The contribution of this paper is listed below.

We propose a container-based cyber deception honeynet architecture, called HoneyFactory, which is more comprehensive than existing honeynet architectures and can provide a more realistic network deception environment. This architecture can capture deeper and more types of attack information. HoneyFactory also performs better than existing honeynet architecture in current honeynet test metrics.
In HoneyFactory, we propose an environment learning and honeynet generation mechanism that can dynamically generate simulation honeynets based on business network under protection.
In HoneyFactory, we propose a honeynet deception model based on the Gaussian Hidden Markov theory. Compared to previous honeynet that maintains the connection between attacker and a single honeypot, the honeynet deception implementation technology proposed in this paper evaluates attack stage, automatically arranges deception honeynet, and performs deep cyber deception. In stage evaluation problem, this model performs better than the existing models.
We evaluate the performance of honeynet systems from multiple perspectives and propose novel test metrices for honeynet architecture.

2. Research Status of Honeynet

Honeynet is a network architecture that utilizes various honeypots, other network assets, and network environments to deceive attackers and analyze their malicious behavior.

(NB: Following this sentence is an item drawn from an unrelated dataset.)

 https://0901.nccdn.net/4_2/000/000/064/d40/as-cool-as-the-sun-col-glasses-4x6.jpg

The first generation honeynet [4] was proposed by the HoneyProject team, which created a network from honeypots and forwarded traffic to the nearby IDS system through port mirror at switch for traffic analysis and recording. Afterward, the HoneyProject team successively proposed the second and third-generation honeynets, which were based on virtual machine technology and integrated with kernel capture technology, abnormal traffic detection technology, covert transmission technology, data analysis technology, and other technologies. A comprehensive honeynet with data capture, data analysis, and data control capabilities was built on Honeywall [5], the integrated honeynet gateway.

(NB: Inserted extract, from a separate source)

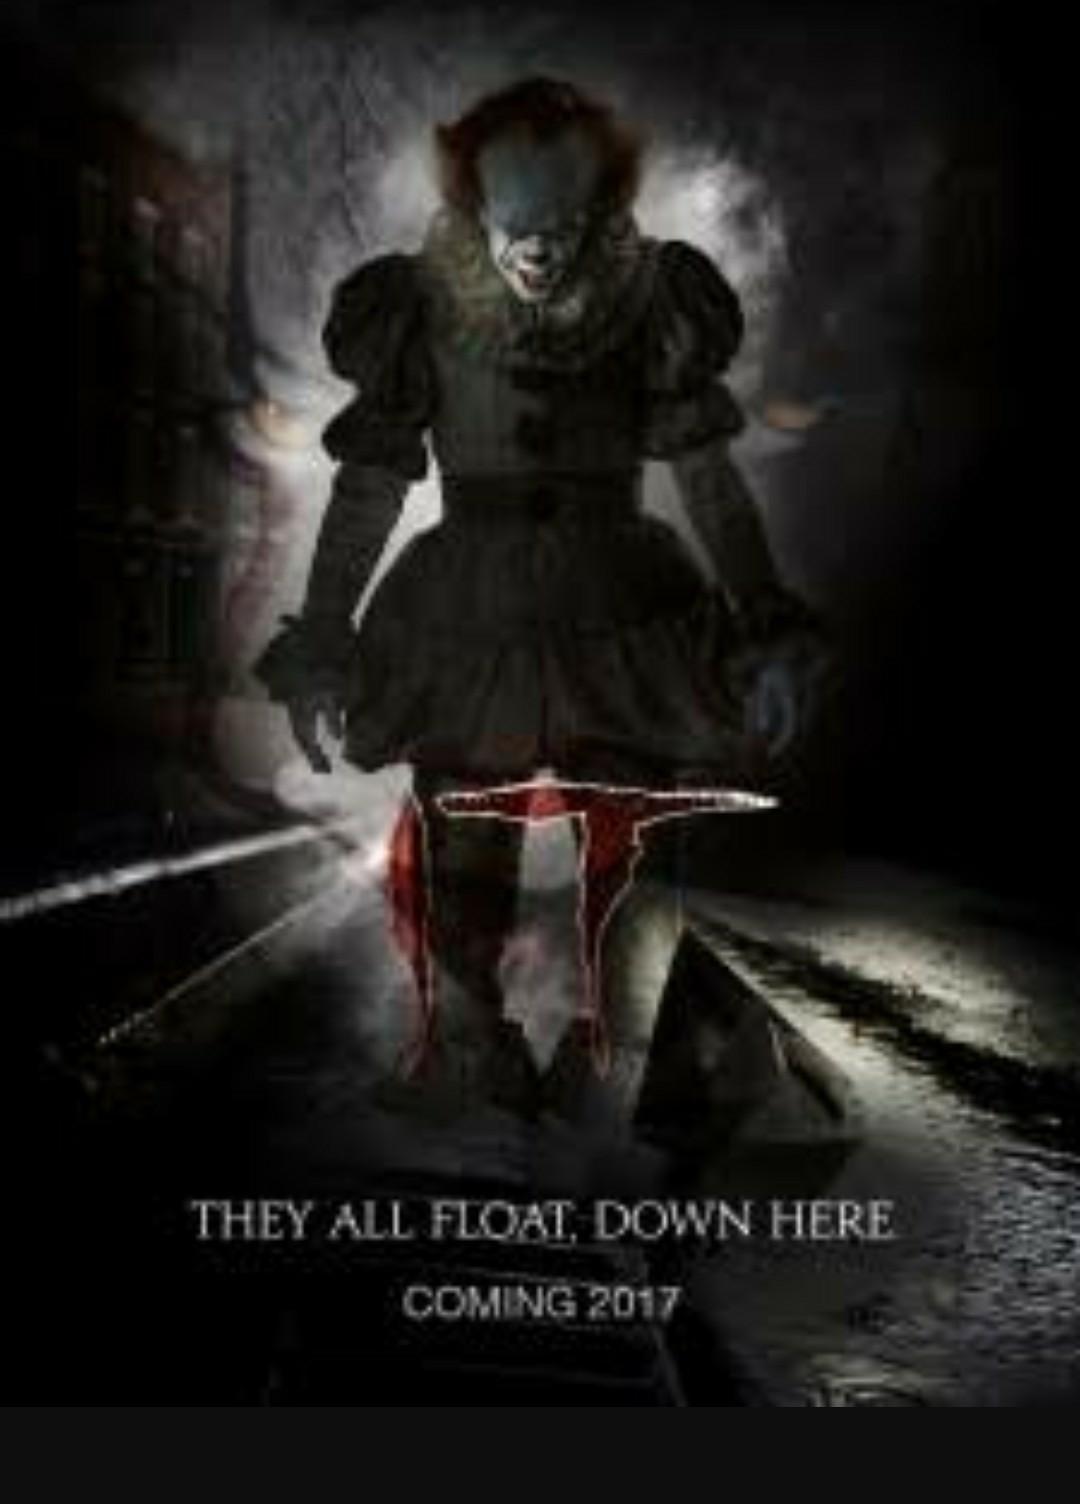 Latest movie offers

The Honeyfarm further expands the application capability of honeynets. By deploying probes in the business network, suspicious traffic in the business network can be redirected to a managed honeynet. This redirection mechanism can be used to perceive and prevent worm virus [6]. However, the redirection of Honeyfarm requires access detection or anomaly detection of the network flow before forwarding, and attackers may recognize changes in the network environment.

Subsequent honeynet architecture was improved based on framework proposed by the HoneyProject team, further enhancing data capture, data analysis, and data control capabilities of honeynet.

The Honeybird [7] honeynet architecture enhances the data interaction and control capabilities of honeypots. This architecture divides attacker interaction into two parts: initial scanning and subsequent stages, with low-interaction honeypots and high-interaction honeypots used for processing in each stage.

Collapsar [8] honeynet architecture is based on SDN technology, which enhances the data capture capability of the honeynet. This study proposes a new architecture that redirects attackers’ traffic in business networks to SDN-based virtual machine networks, enabling overall management of traffic within virtual networks.

Honeymix [9] honeynet architecture introduces proxy technology based on SDN technology and proposes multiple SDN controller modules to control communication between attackers and multiple honeypots containing the target service, and selects appropriate responses that eliminate fingerprint features to pass to the attacker. Subsequently, the HoneyProxy [10] honeynet architecture was proposed based on Honeymix. The architecture divided the interaction between attackers and honeypots into three stages: transparent mode, multicast mode, and relay mode, corresponding to initial attacks such as login attempts, fingerprint attacks, and complex interactions. Through deep packet inspection technology, the types of attacks were analyzed, allowing attackers to communicate with corresponding levels of honeypots.

Honeynet and honeypot have been used in many scenarios. There are many surveys about honeynet [11] and its applications on IoT [12] and industry [13].

In recent years, with the development of cloud and container technologies, many researchers focus on using cloud and container technologies to build honeynets. These studies dynamically manage honeypot containers, achieving efficient resource utilization, and utilizing SDN and proxy technology to enable attackers to access honeypots. HoneynetAIoT [14] proposed a container honeynet for collecting attack information to supplement attack data and improve detection model performance. IoT Honeynet [15] used multiport honeypots to capture IoT attacks. HoneyChart [16] proposed using container technology to create honeypots and collect data.

As the scale of honeynets increases, some studies are focusing on strategies for deploying honeynets [17].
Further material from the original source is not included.